• TASK DATA:

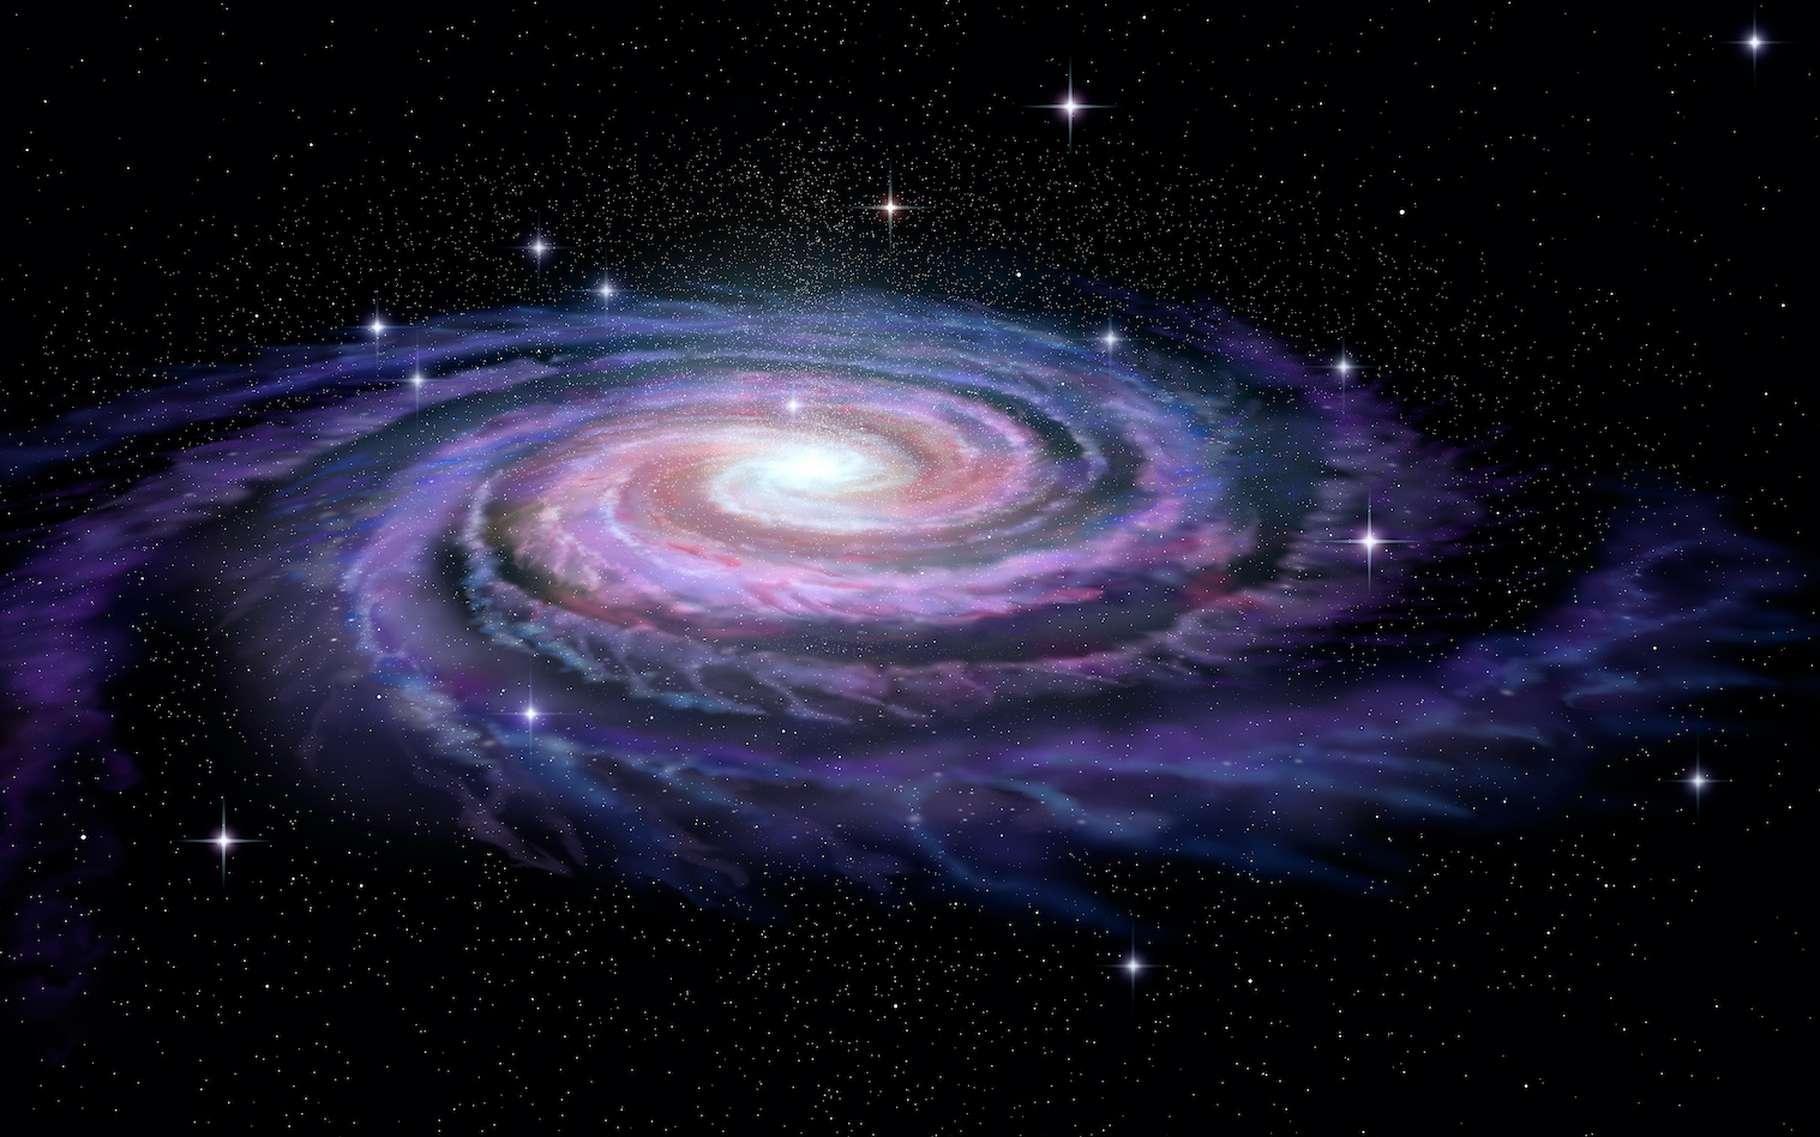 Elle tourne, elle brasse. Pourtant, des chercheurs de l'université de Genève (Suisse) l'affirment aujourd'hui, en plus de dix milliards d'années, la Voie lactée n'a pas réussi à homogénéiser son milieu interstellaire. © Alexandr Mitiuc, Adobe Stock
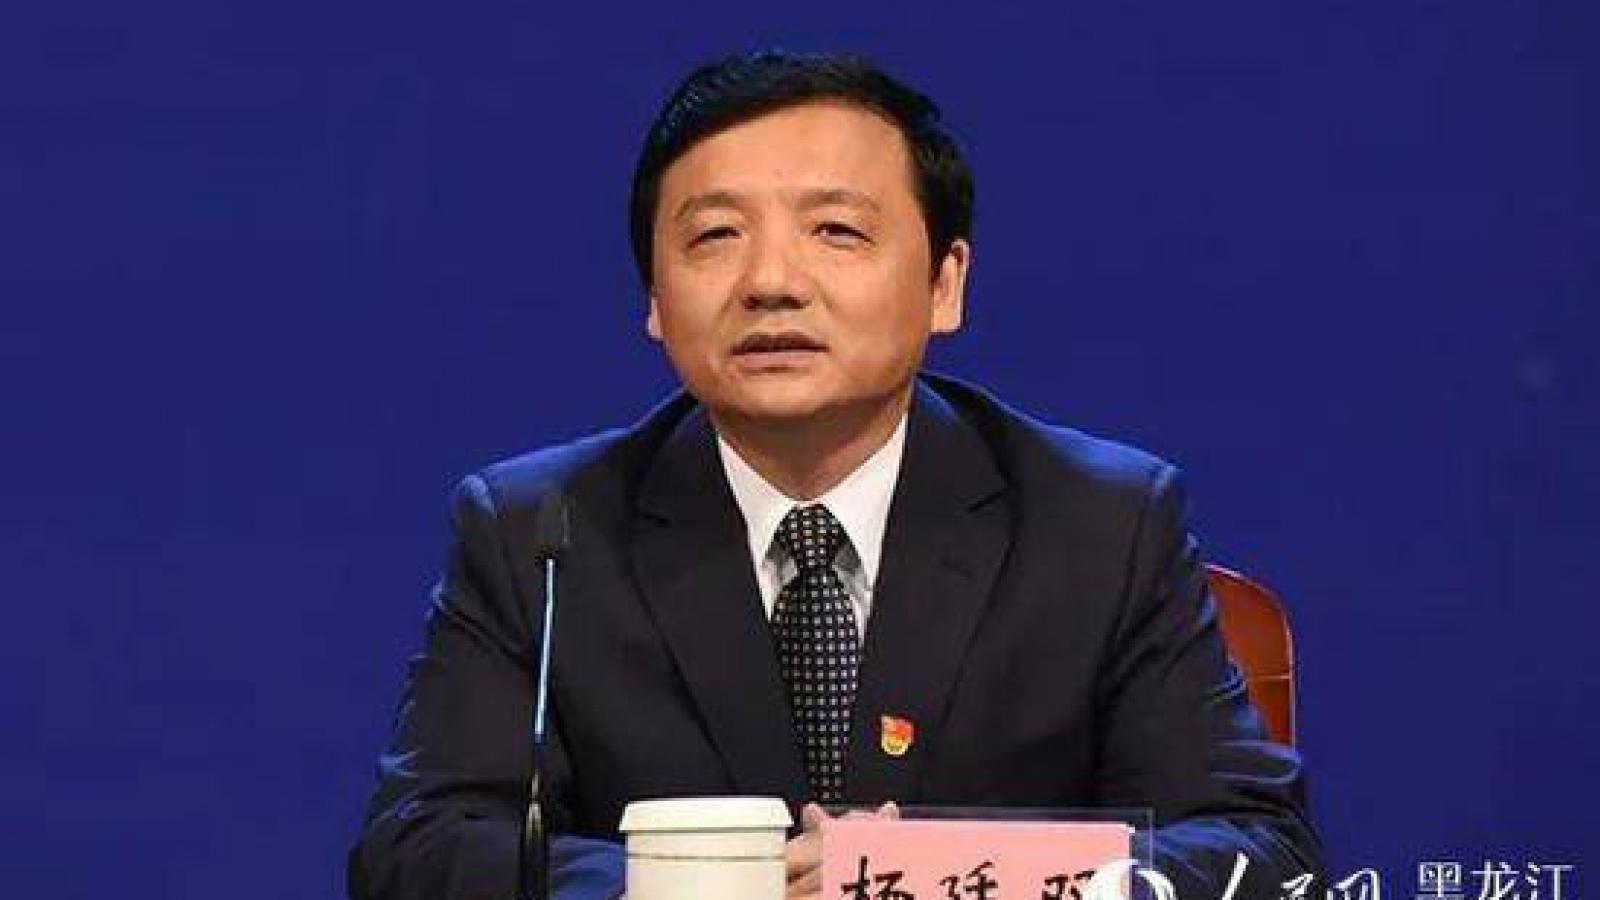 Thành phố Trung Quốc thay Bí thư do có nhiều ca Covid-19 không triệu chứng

* * *

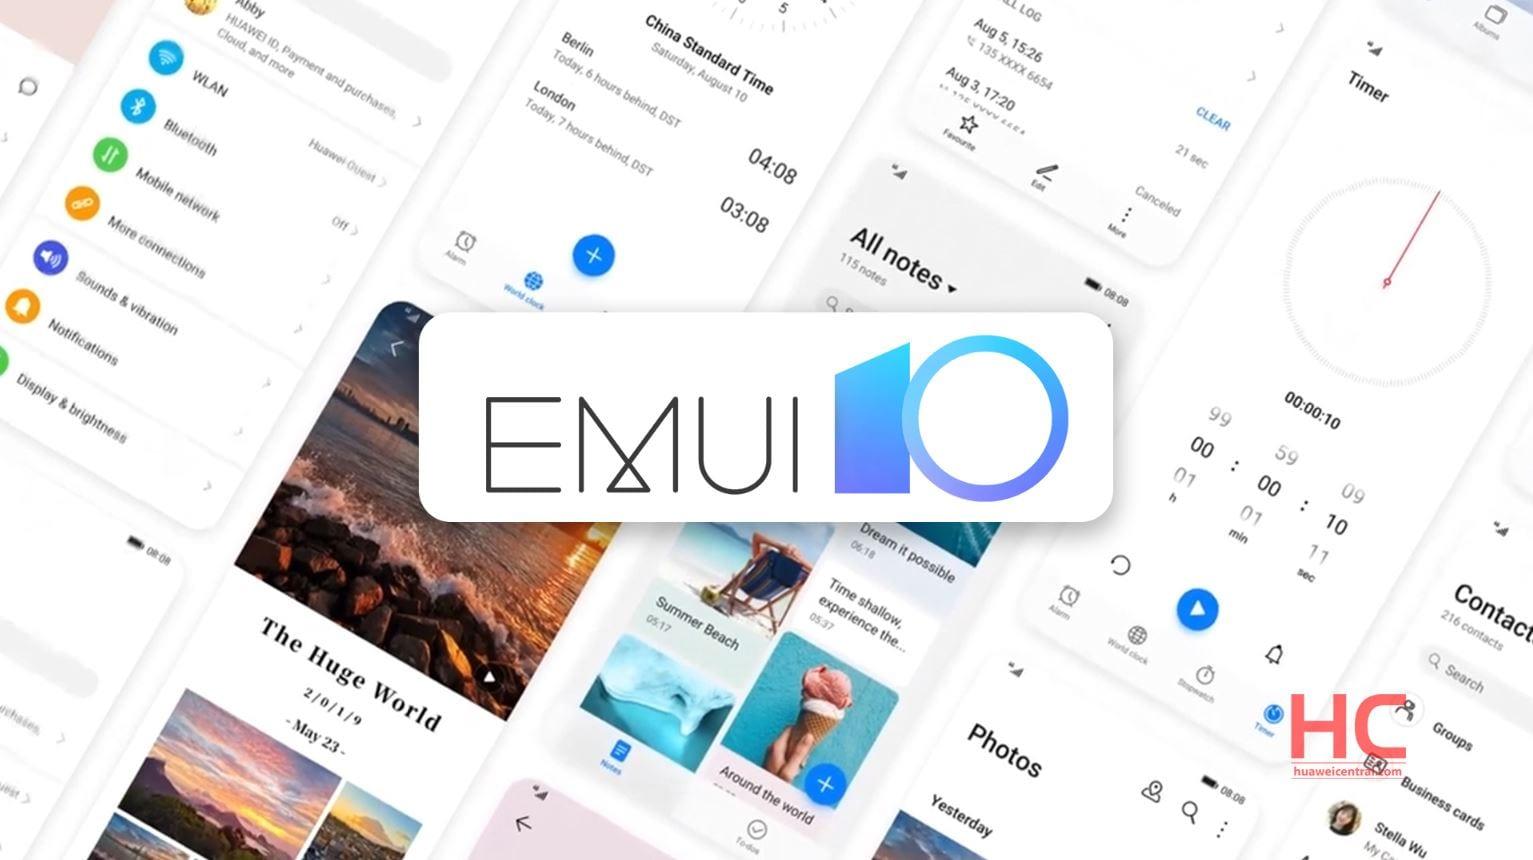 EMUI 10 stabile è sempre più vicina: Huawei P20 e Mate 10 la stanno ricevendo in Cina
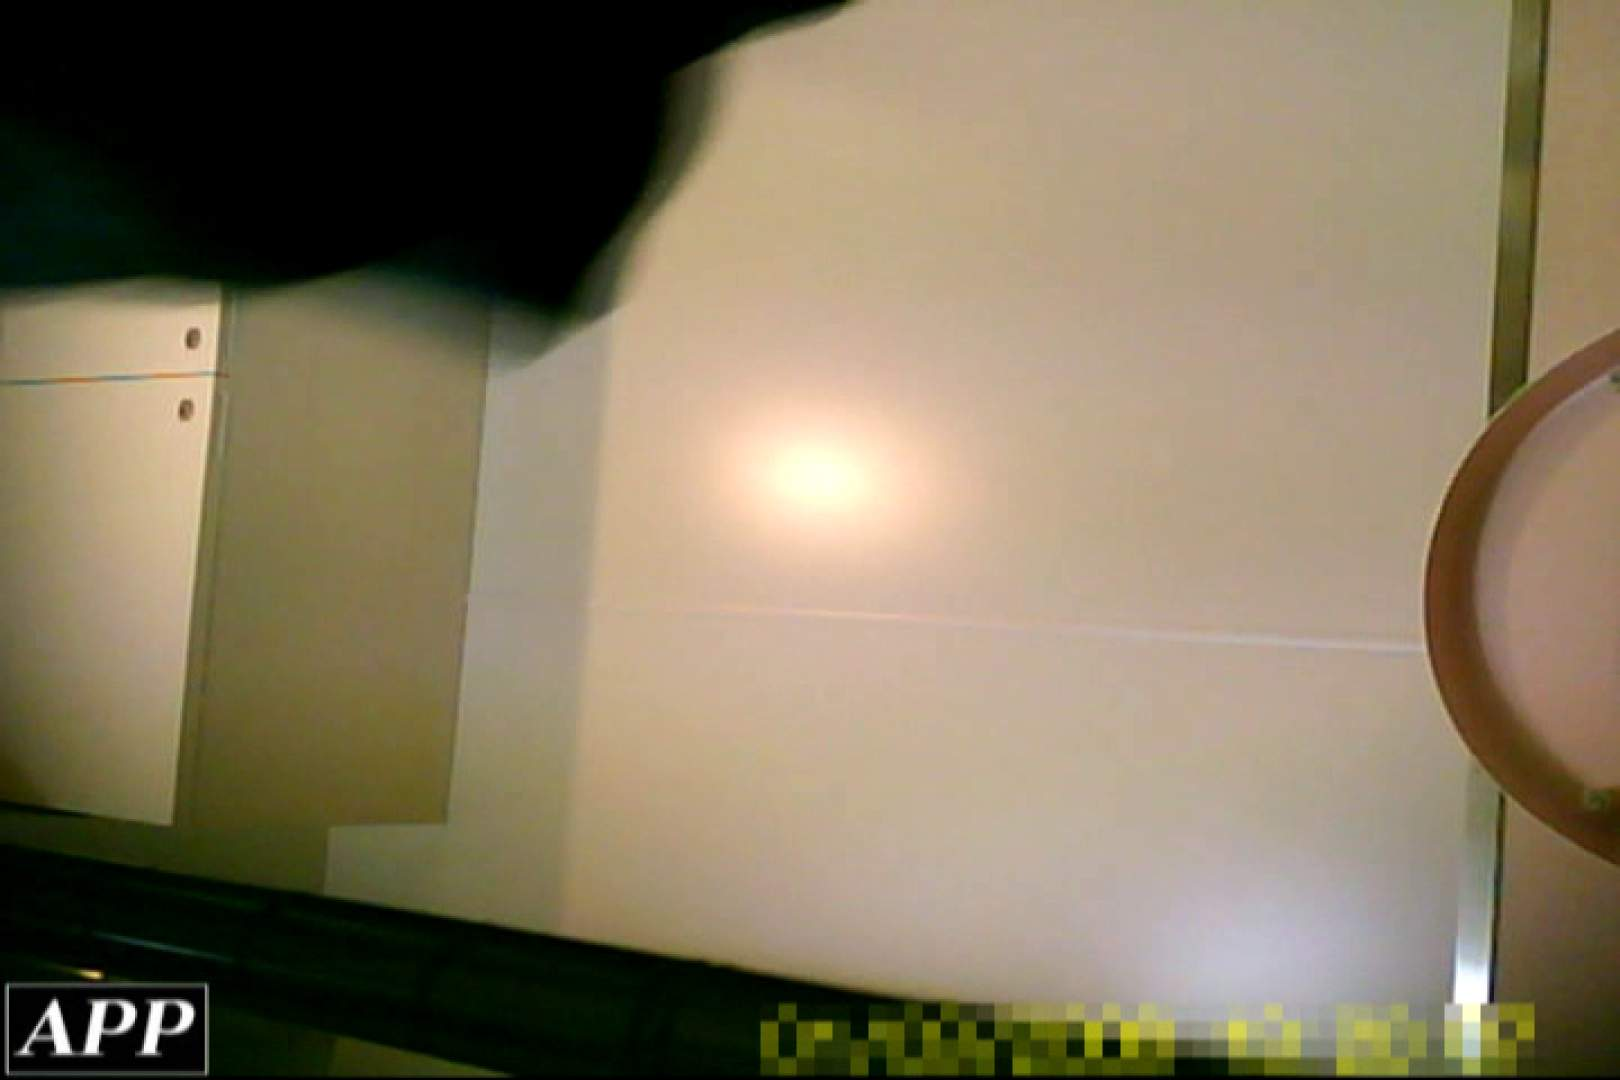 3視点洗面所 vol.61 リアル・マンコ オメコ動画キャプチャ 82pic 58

• PROBLEM:
Excerpt from the records above: set down only the lines from the one that contains "EMUI 10 stabile" through the one that contains "3視点洗面所 vol.61 リアル・マンコ オメコ動画キャプチャ 82pic 58", inclusive, word for word. Pictures stay out.

• YOUR RESPONSE:
 EMUI 10 stabile è sempre più vicina: Huawei P20 e Mate 10 la stanno ricevendo in Cina
 3視点洗面所 vol.61 リアル・マンコ オメコ動画キャプチャ 82pic 58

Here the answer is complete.